§ Instructions to follow
Would you copy the listing below exactly, keeping the pictures out?
Segment Start: Information provided
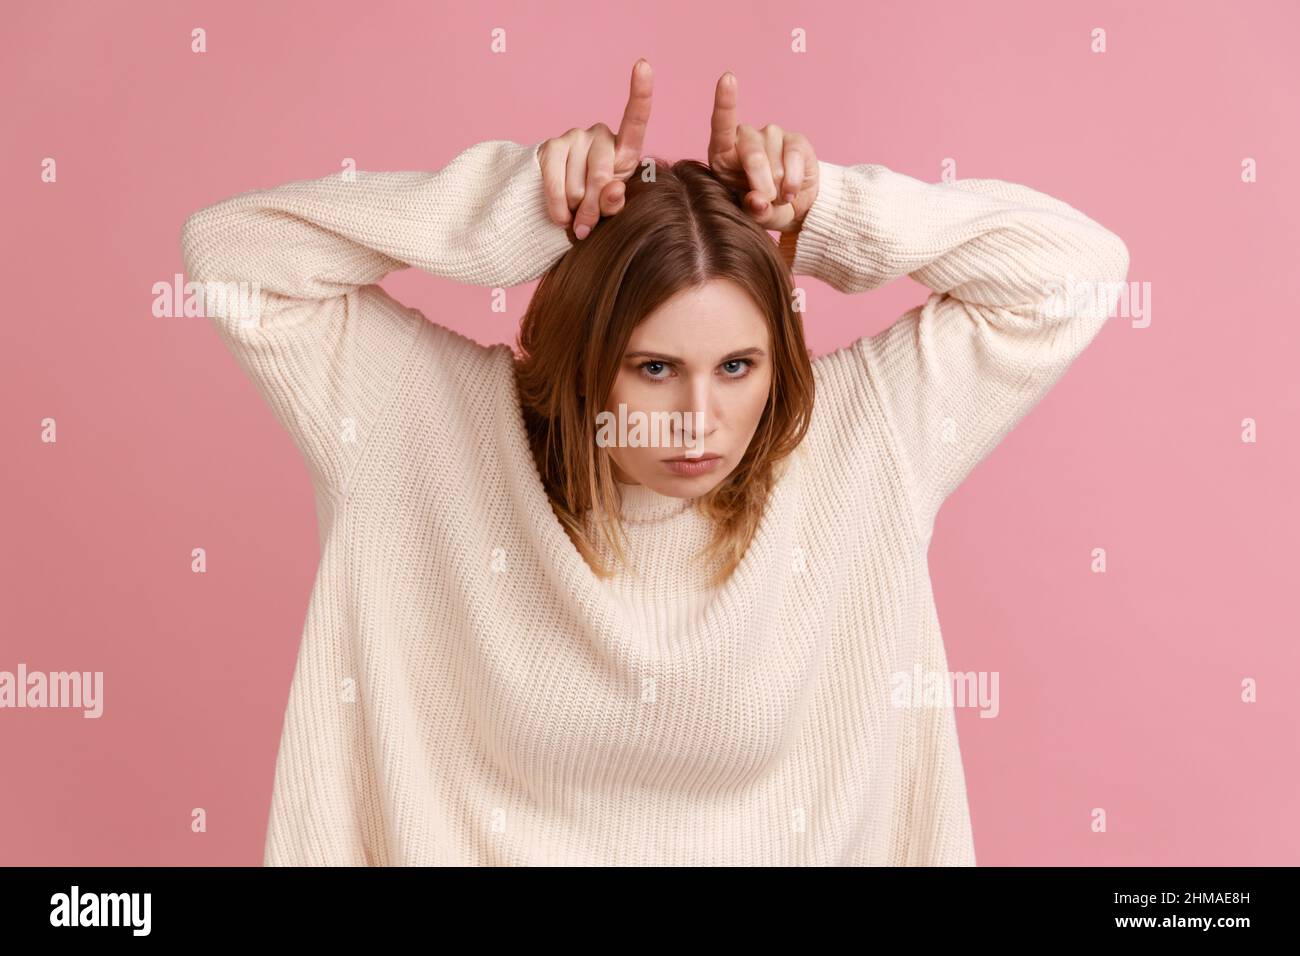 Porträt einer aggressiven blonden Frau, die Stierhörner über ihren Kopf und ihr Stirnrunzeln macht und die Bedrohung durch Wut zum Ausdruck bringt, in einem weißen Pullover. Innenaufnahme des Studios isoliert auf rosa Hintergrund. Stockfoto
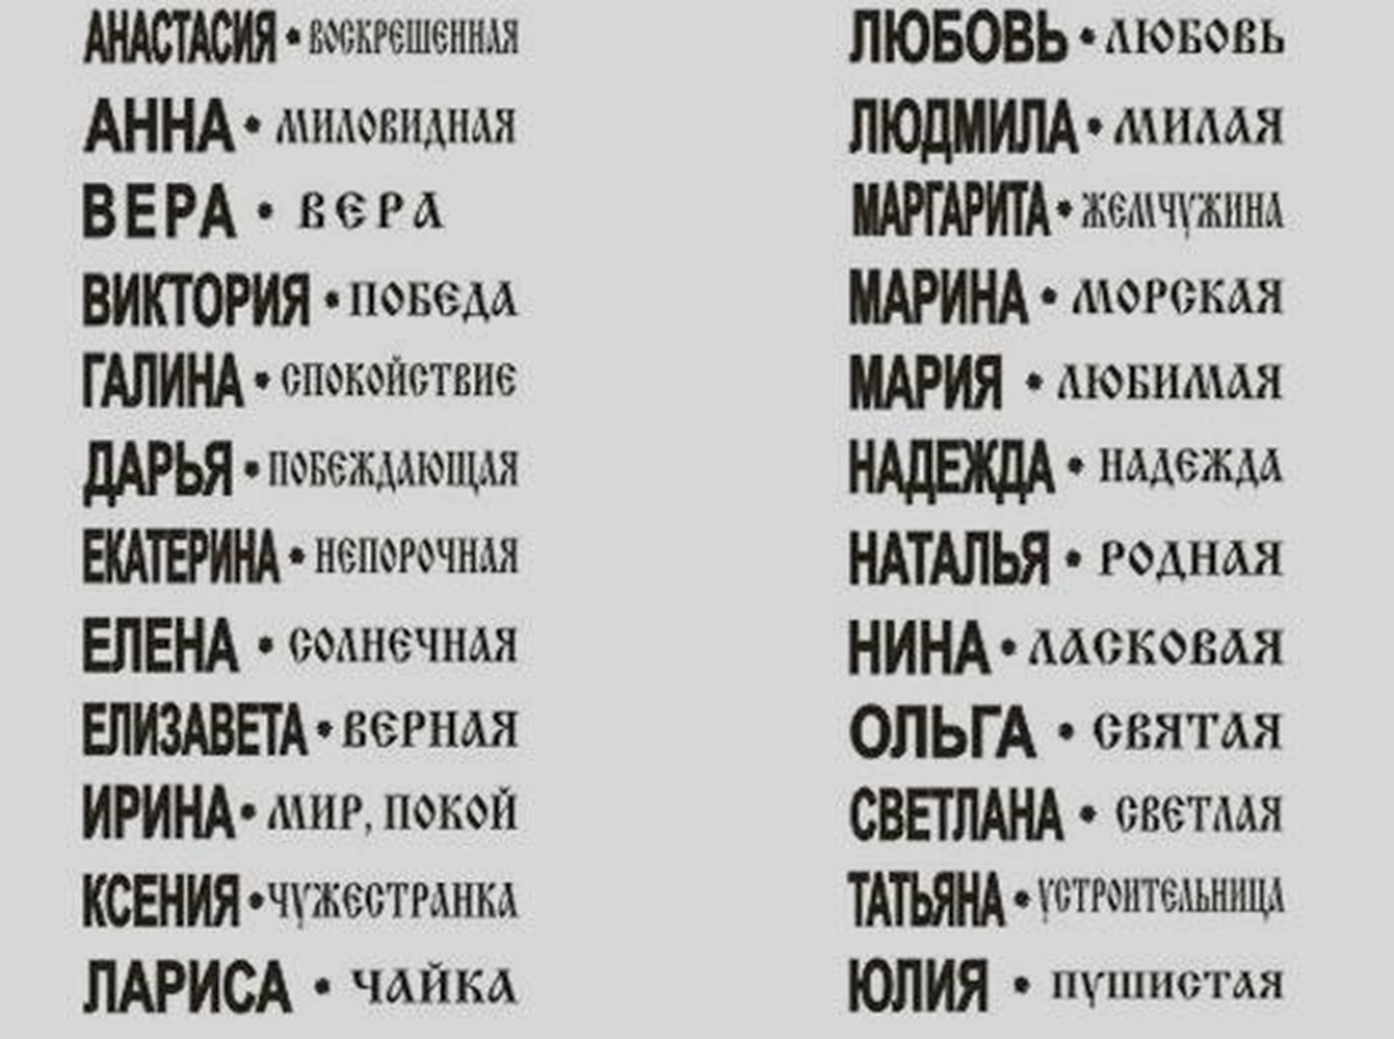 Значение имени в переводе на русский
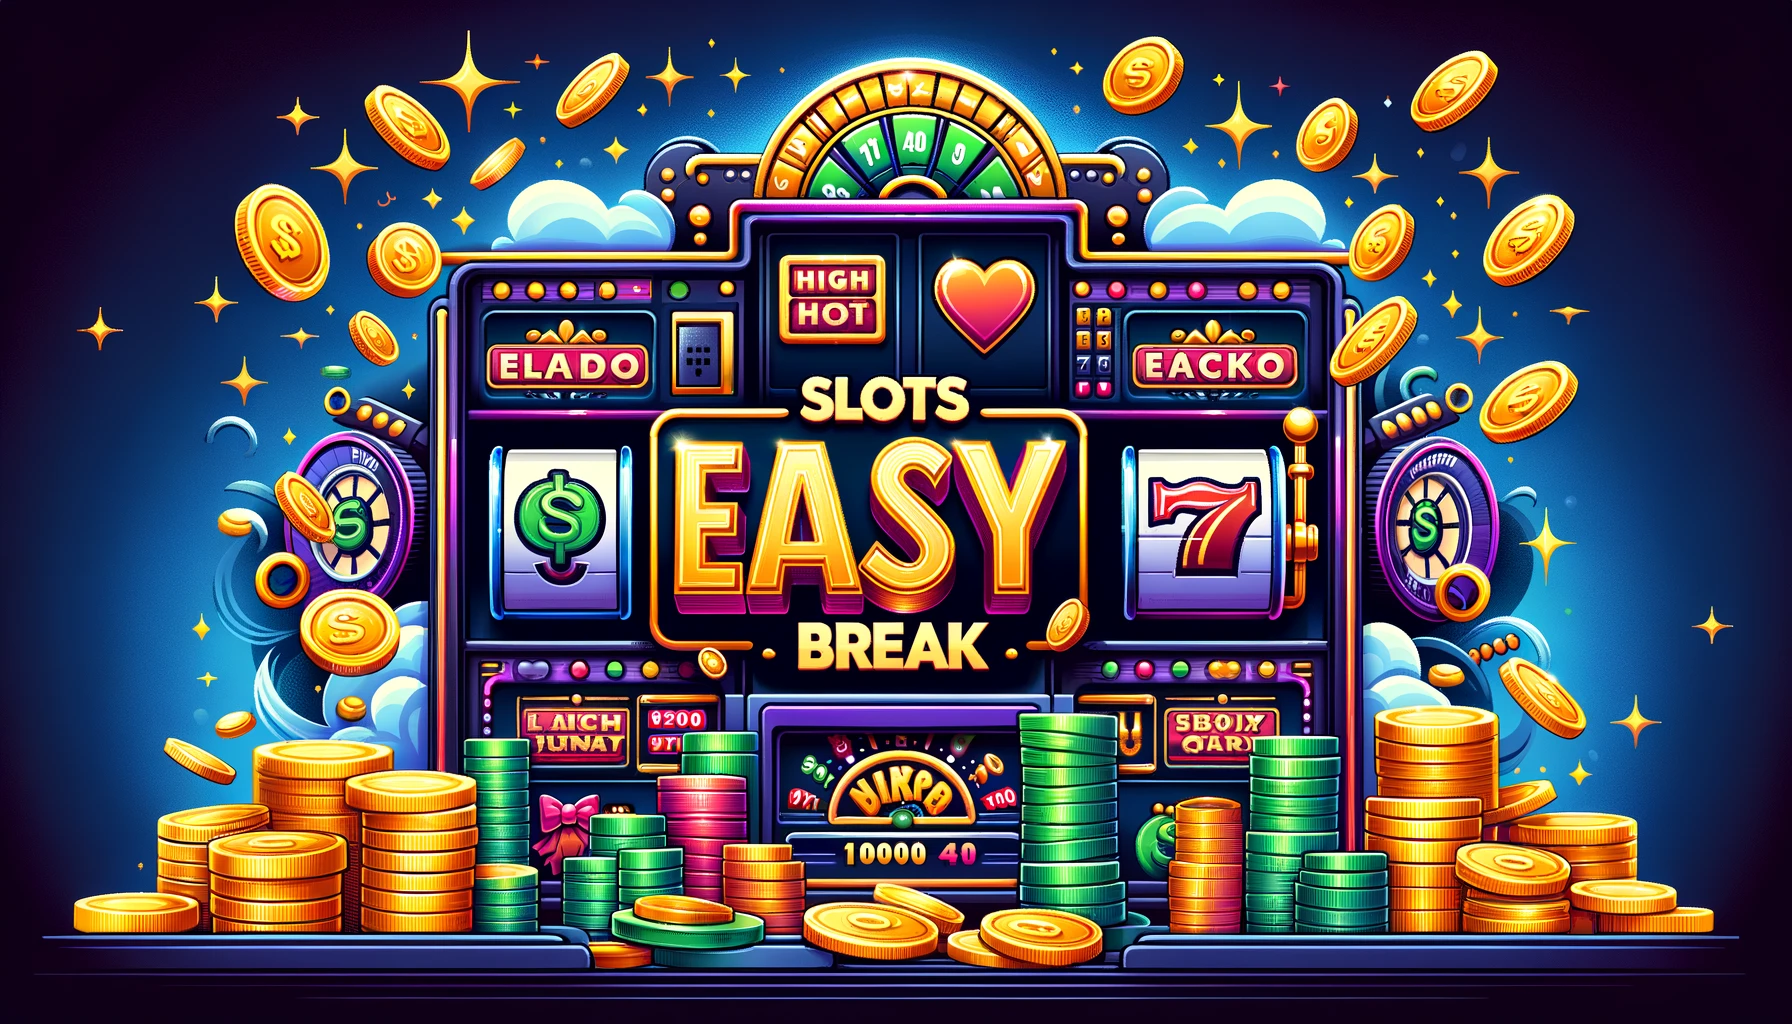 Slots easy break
Segment End: Information provided
§ Result below
 Porträt einer aggressiven blonden Frau, die Stierhörner über ihren Kopf und ihr Stirnrunzeln macht und die Bedrohung durch Wut zum Ausdruck bringt, in einem weißen Pullover. Innenaufnahme des Studios isoliert auf rosa Hintergrund. Stockfoto
 Значение имени в переводе на русский
 Slots easy break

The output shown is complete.